With Congress already highly divided following the acrimonious departure of former President Donald Trump, and with deadly strains of the coronavirus circulating in the United States, on Friday, the President signaled a new sense of urgency about the need to pass his $1.9 trillion Covid-19 relief package—even if he is unable to carry along Republicans.
The President cautioned in the Oval Office meeting with Treasury Secretary Janet Yellen of the “cost of inaction,” referring to troubling new job losses, the hunger that some 30 million Americans face every day, as well as the likelihood that “a whole cohort of children” will face “lower lifetime earnings because they are deprived of another semester of the school.”
Less than two hours later, he punctuated the point on his way to visit the Walter Reed National Military Medical Center when a reporter asked him if by using reconciliation, an arcane procedural manoeuvre that would allow Democrats to pass the relief bill on a party-line vote, he was able to achieve his goals.
“I support passing Covid relief with support from Republicans if we can get it,” Biden replied. “But the Covid relief has to pass. There’s no ifs, ands or buts.”
Biden has been firm in his attempts to reach across the aisle, but he makes it clear that before moving on with his plan, he does not want to wait forever. Administration officials are expected to continue their outreach over this weekend and into next week to Republican senators, and Biden has personally reached out to more moderate GOP senators such as Susan Collins of Maine and Rob Portman of Ohio.
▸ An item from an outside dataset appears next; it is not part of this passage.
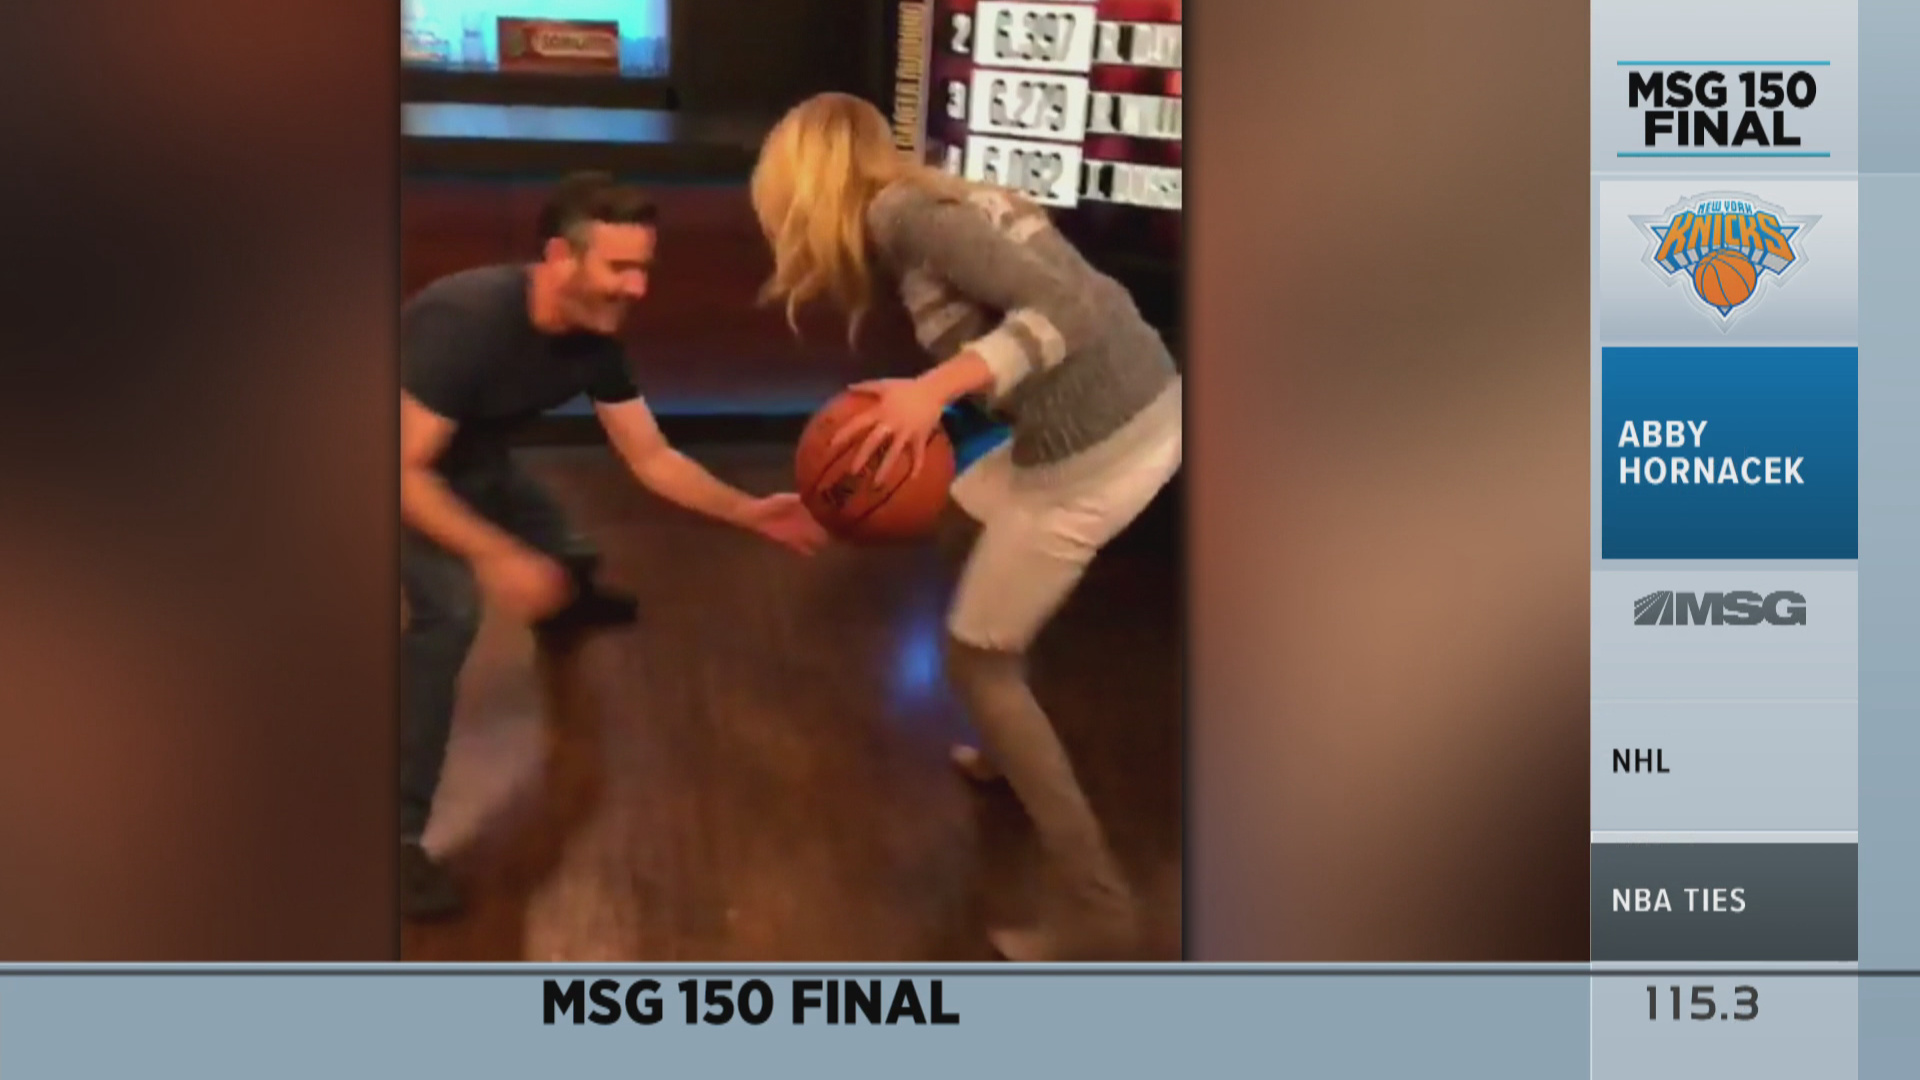 Abby Hornacek Has Moves Like Her Dad - MSGNetworks.com

But his team is also making their case increasingly to the American people, as the administration faces opposition to the GOP’s scale and reach of the bill. The underlying message was clear and directed directly at the American people in all of Friday’s White House events: without a substantial relief package to reinvigorate the economy and give schools and health care providers the resources they need to speed up vaccinations, your daily life will not change.
It could be a powerful tactic to convince a wider audience as anger rises across America about the sluggish pace of vaccines and the anaemic economy—one that could force wavering Democrats and some Republicans to get on board.
It was no accident that this week, Vice President Kamala Harris popped up in the backyards of moderate Democratic senators like Arizona’s Kyrsten Sinema and West Virginia’s Joe Manchin to push for Biden’s legislation to be swiftly passed. Harris made the case that lives are on the line, speaking to editors and executives from the Charleston Gazette-Mail and Herald-Dispatch in West Virginia.